What if fixing one bug could instantly fix it everywhere in your scripts?
Why Function libraries (sourcing scripts) in Bash Scripting? - Purpose & Use Cases
Imagine you have many bash scripts that all need to perform the same tasks, like checking if a file exists or formatting output. You copy and paste the same code into each script manually.
This manual copying means if you find a bug or want to improve the code, you must update every script one by one. It's slow, easy to forget, and causes mistakes. Your scripts become messy and hard to maintain.
Function libraries let you write common functions once in a separate script file. Then, you source that file in your scripts to reuse the functions. Fix or improve the function in one place, and all scripts get the update instantly.

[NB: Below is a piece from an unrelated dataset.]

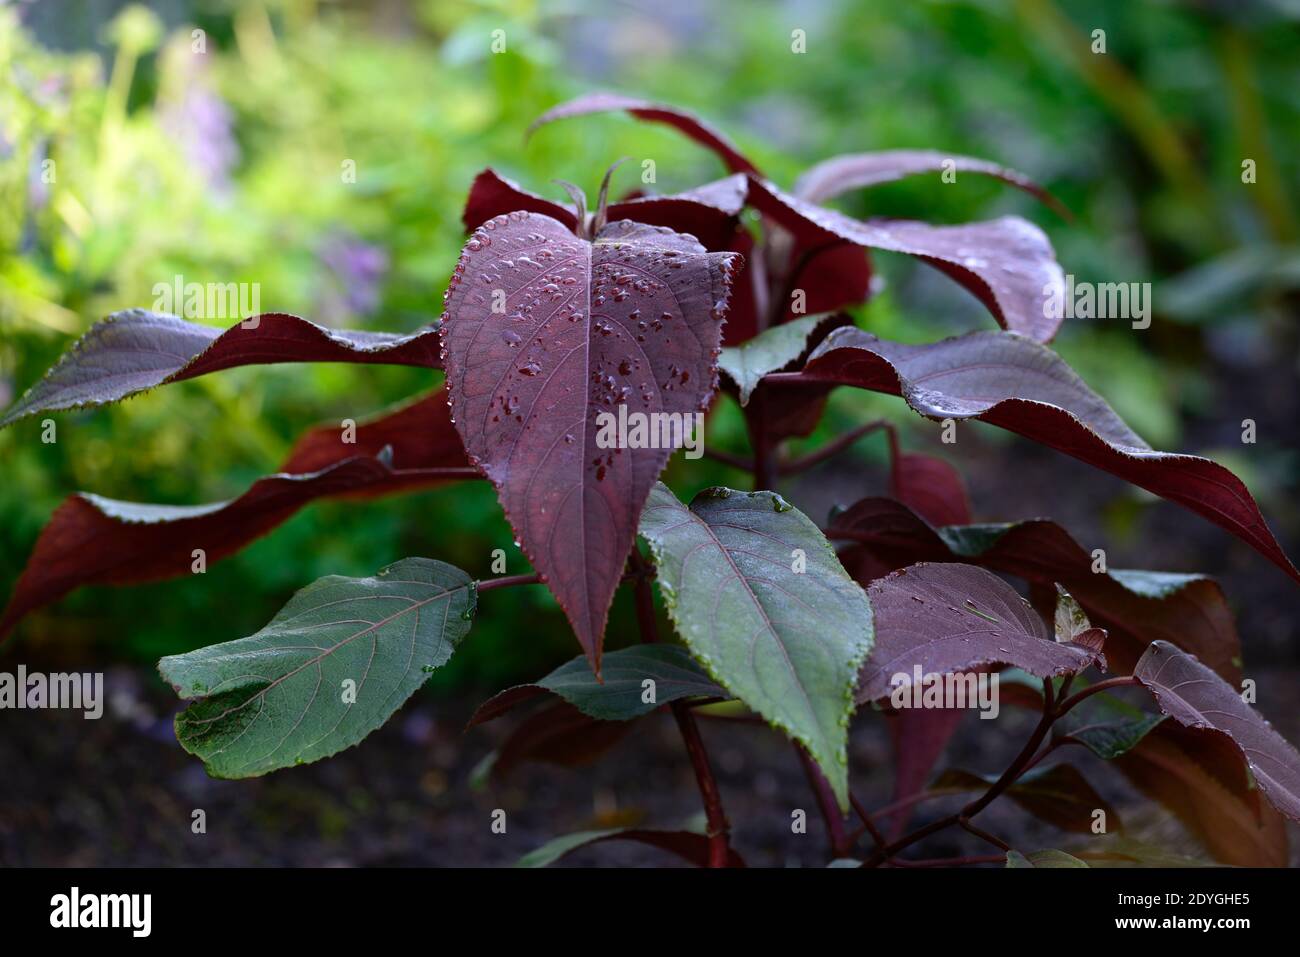 Populus deltoides Purple Tower,tree,leaves,foliage,pollard,pollarded,coppice,coppiced,tree,trees,shrub,shrubs,suitable for pollarding,rounded wine-red Stock Photo

echo "Check file" if [ -f "$file" ]; then echo "File exists" fi # Repeat this in every script
source ./file_utils.sh check_file "$file" # One place for the function, many scripts use it
You can build clean, reusable, and easy-to-maintain bash scripts that save time and reduce errors.
A system admin writes a network_tools.sh library with functions to check server status and ping hosts. They source it in many scripts to monitor servers without rewriting code.
Manual code duplication wastes time and causes errors.
Function libraries let you write code once and reuse it everywhere.
Sourcing scripts keeps your bash projects clean and easy to update.